I have been reading a lot of material on different CMS sites (TextPattern, WordPress, LightCMS, CushyCMS, etc) and am trying to find what is right for me. I did the installation of TextPattern on my site and inspected all the files, and basically, I just feel really lost. What I want to be able to do is:
- Build a site like a normally would: start from scratch, design in Illustrator, write all my HTML5 and CSS3 in Coda… the things that I love most about my job and the reason why I love design / development
- Install a CMS to the root directory and upload all my files
- Designate specific areas in my markup that are editable / update-able by a client
So far, my impressions of TextPattern make me feel very boxed in.

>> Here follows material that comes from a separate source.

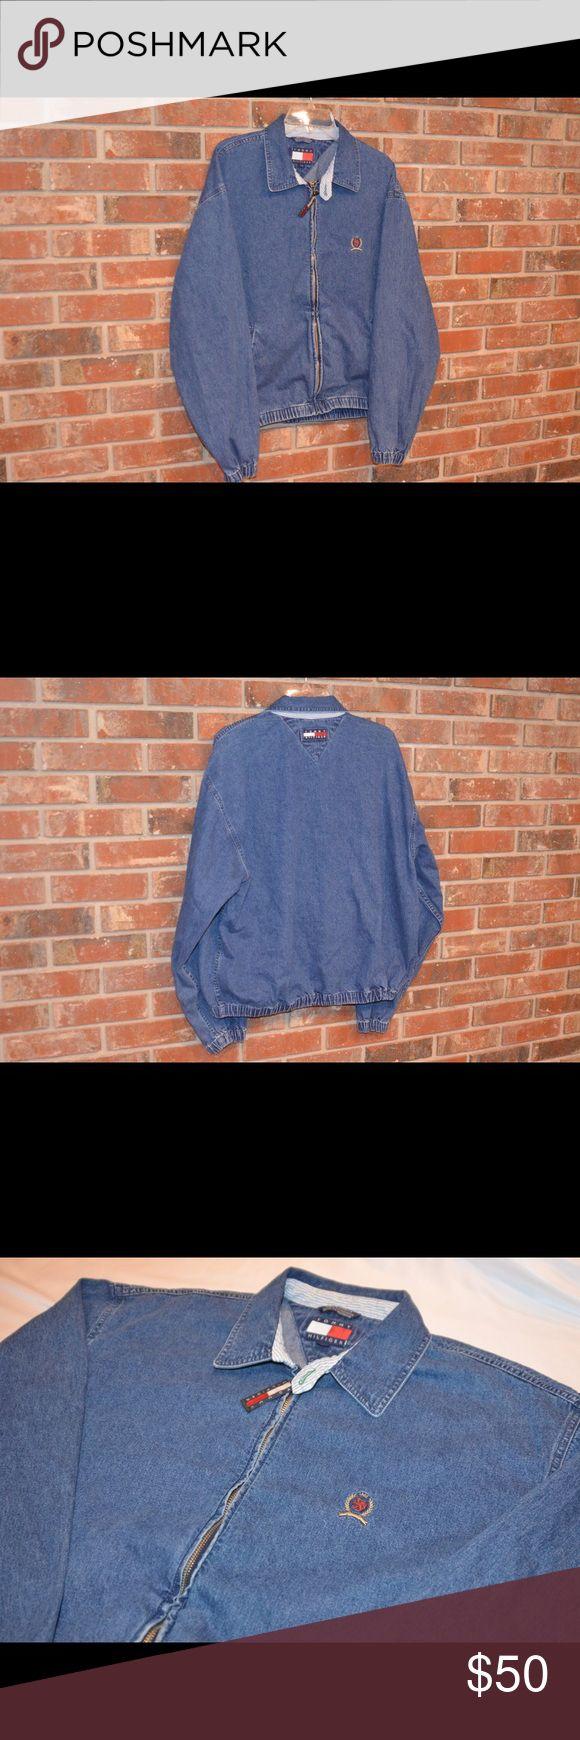 "Vintage Tommy Hilfiger Full Zip Denim Jacket Size: L Condition: 9/10 (excellent). No visible flaws. Measurements: 26"" (top to bottom) x 25.5"" (pit to pit) Tommy Hilfiger Jackets & Coats Bomber & Varsity"

I am extremely organized and would like to maintain a consistent file structure. When using css I usually have a master.css that uses @import to bring in my reset.css, grid.css, styles.css, and any font embedding I may be using. I cannot seem to find where any of these css files are in my textpattern directory. I see several css.php files, and a textpattern.css, but what is in textpattern.css doesn’t seem to be what is displayed when looking in the ‘styles’ tab when signed into TextPattern.
I really considered myself a technically savy person until I started trying to figure out CMS. Can someone help me understand if any of this is right for me? Is it possible to have complete freedom when it comes to design and markup? I do not want any additional code in my markup that shouldn’t be there.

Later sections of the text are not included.